■ Dataset extract
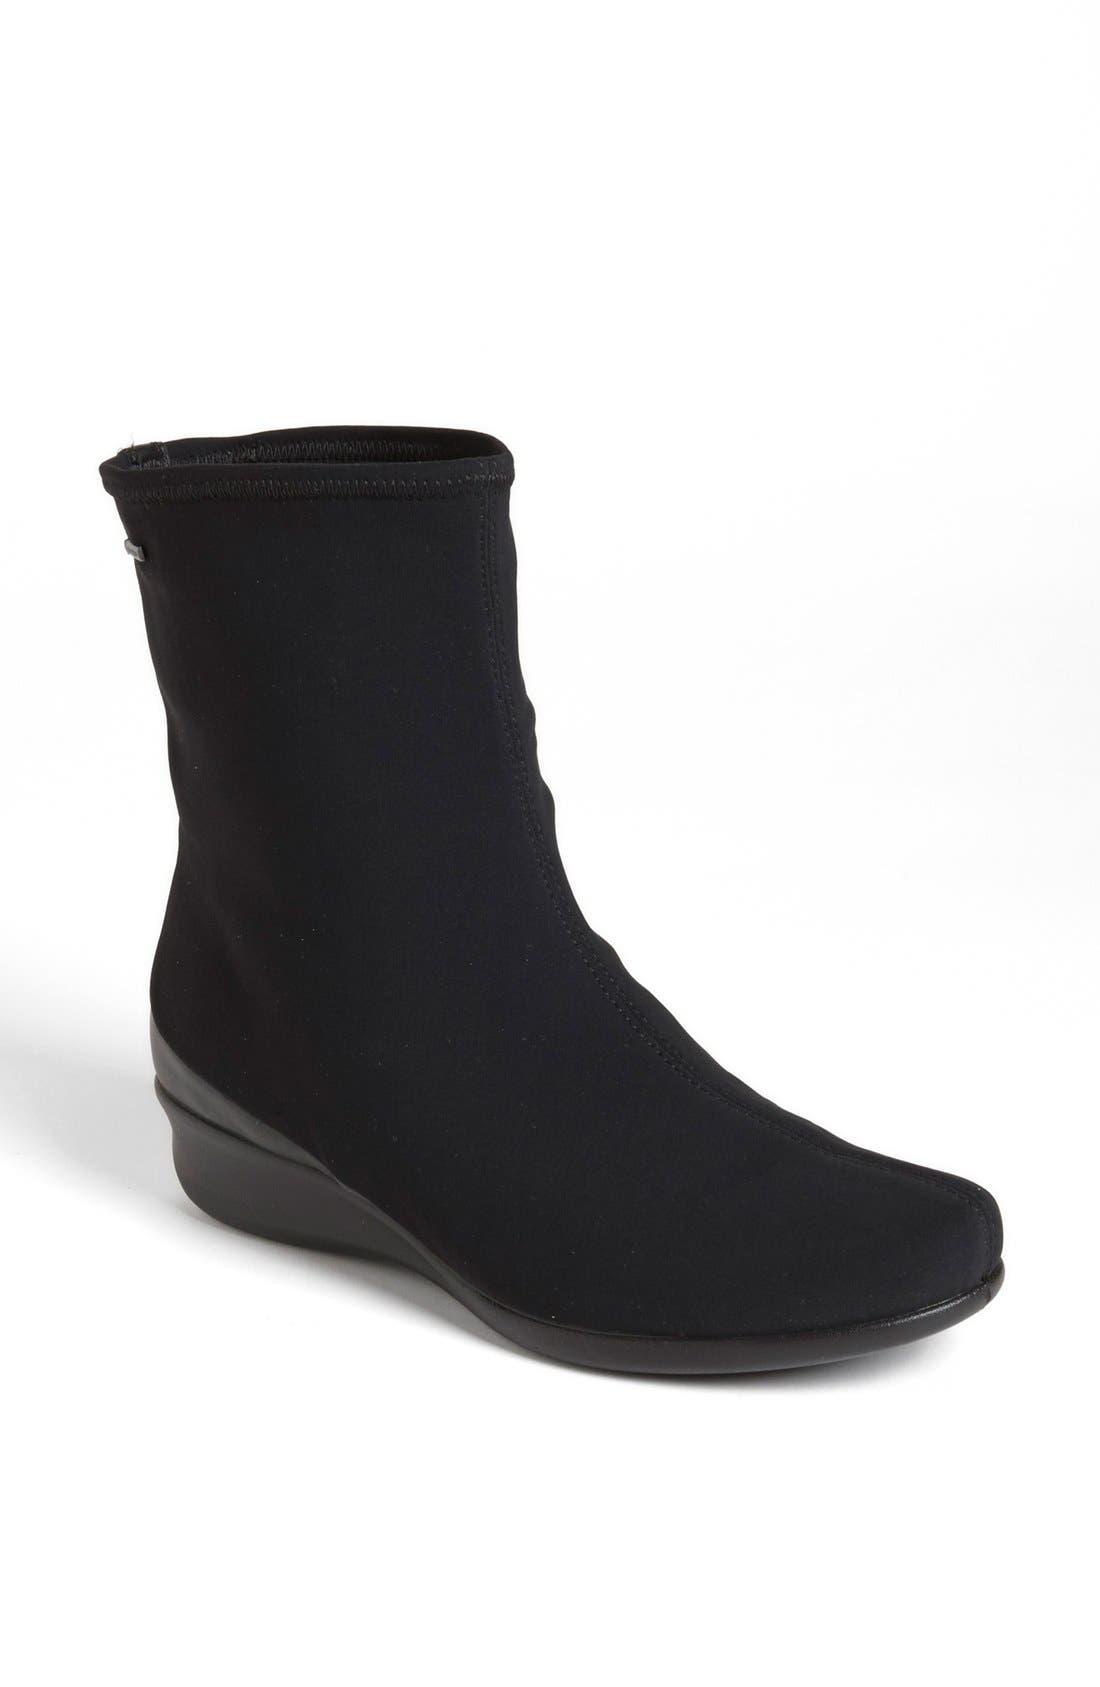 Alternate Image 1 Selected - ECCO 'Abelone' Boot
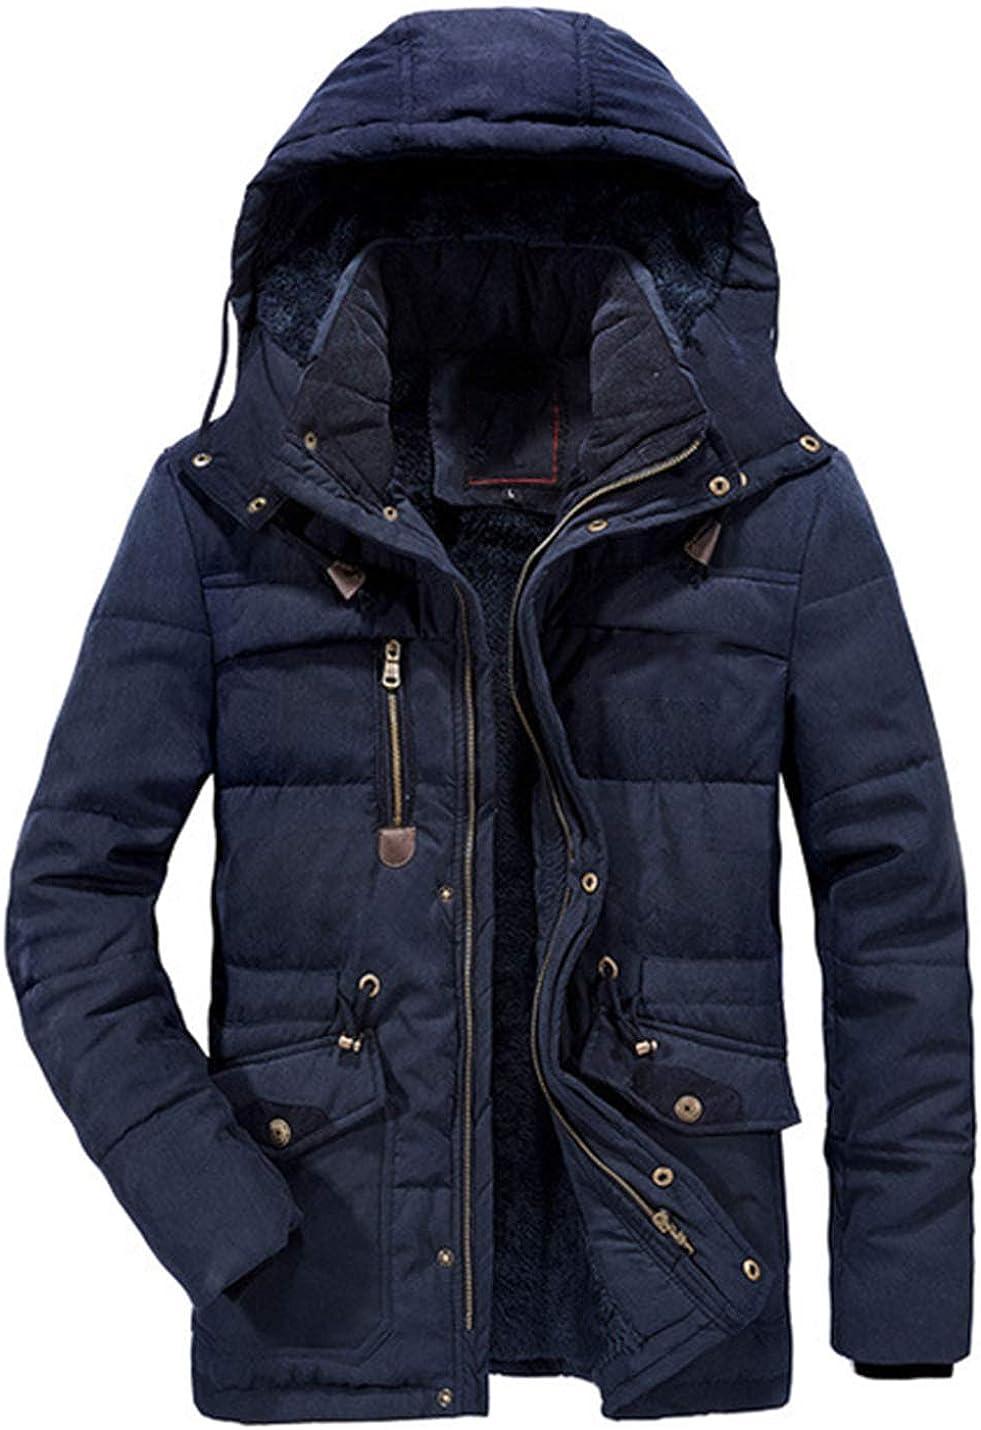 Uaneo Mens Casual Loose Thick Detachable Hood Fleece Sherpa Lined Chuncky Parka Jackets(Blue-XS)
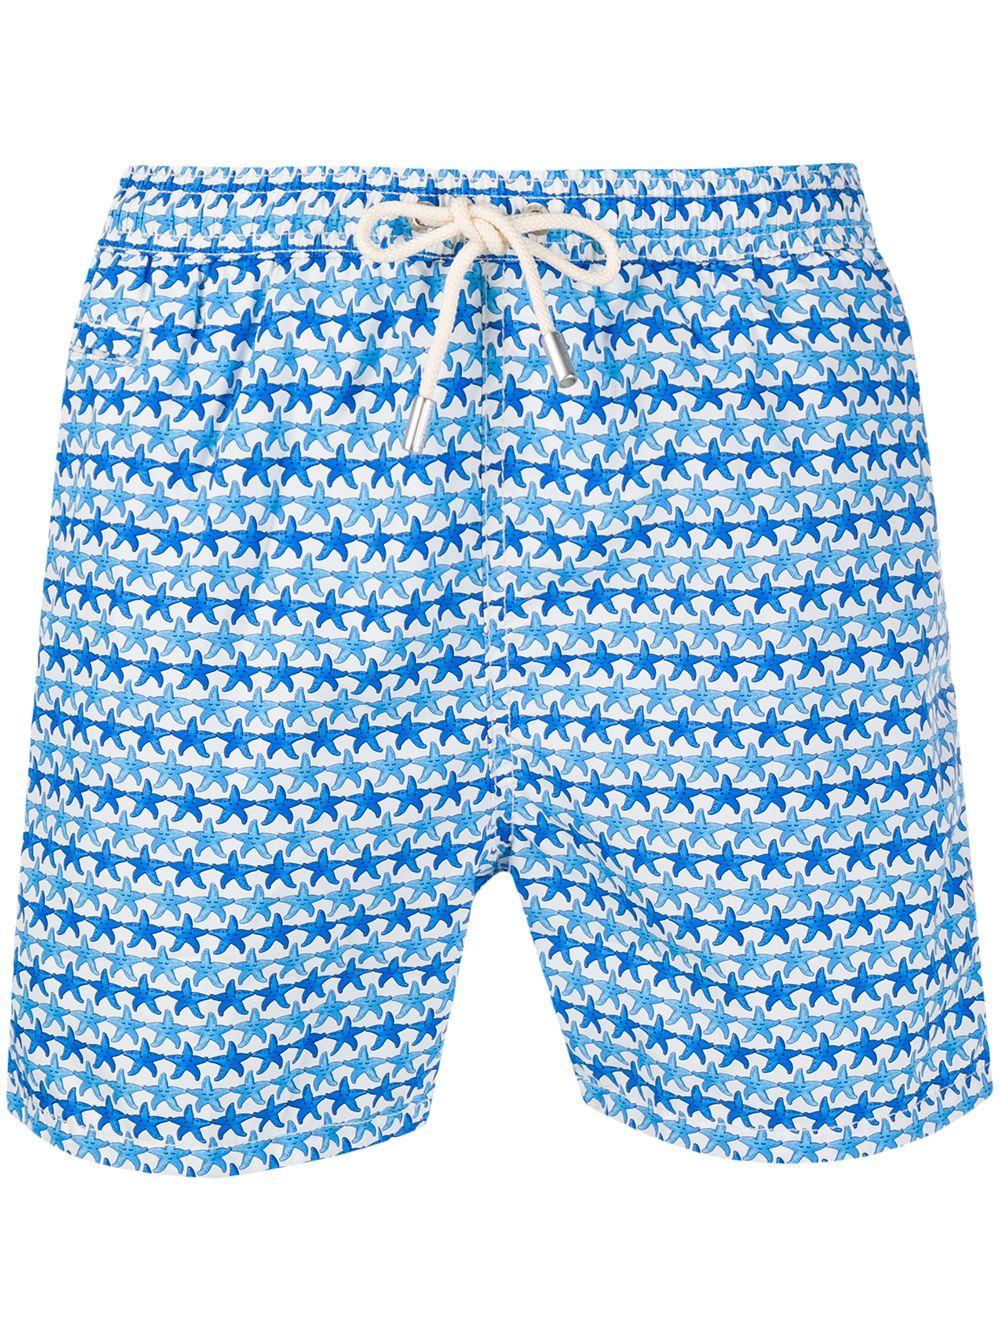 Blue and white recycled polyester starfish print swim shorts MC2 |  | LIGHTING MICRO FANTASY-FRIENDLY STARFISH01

■ Exercise
Return the material above verbatim, minus the pictures.

■ Answer to this exercise
 Alternate Image 1 Selected - ECCO 'Abelone' Boot
 Uaneo Mens Casual Loose Thick Detachable Hood Fleece Sherpa Lined Chuncky Parka Jackets(Blue-XS)
 Blue and white recycled polyester starfish print swim shorts MC2 |  | LIGHTING MICRO FANTASY-FRIENDLY STARFISH01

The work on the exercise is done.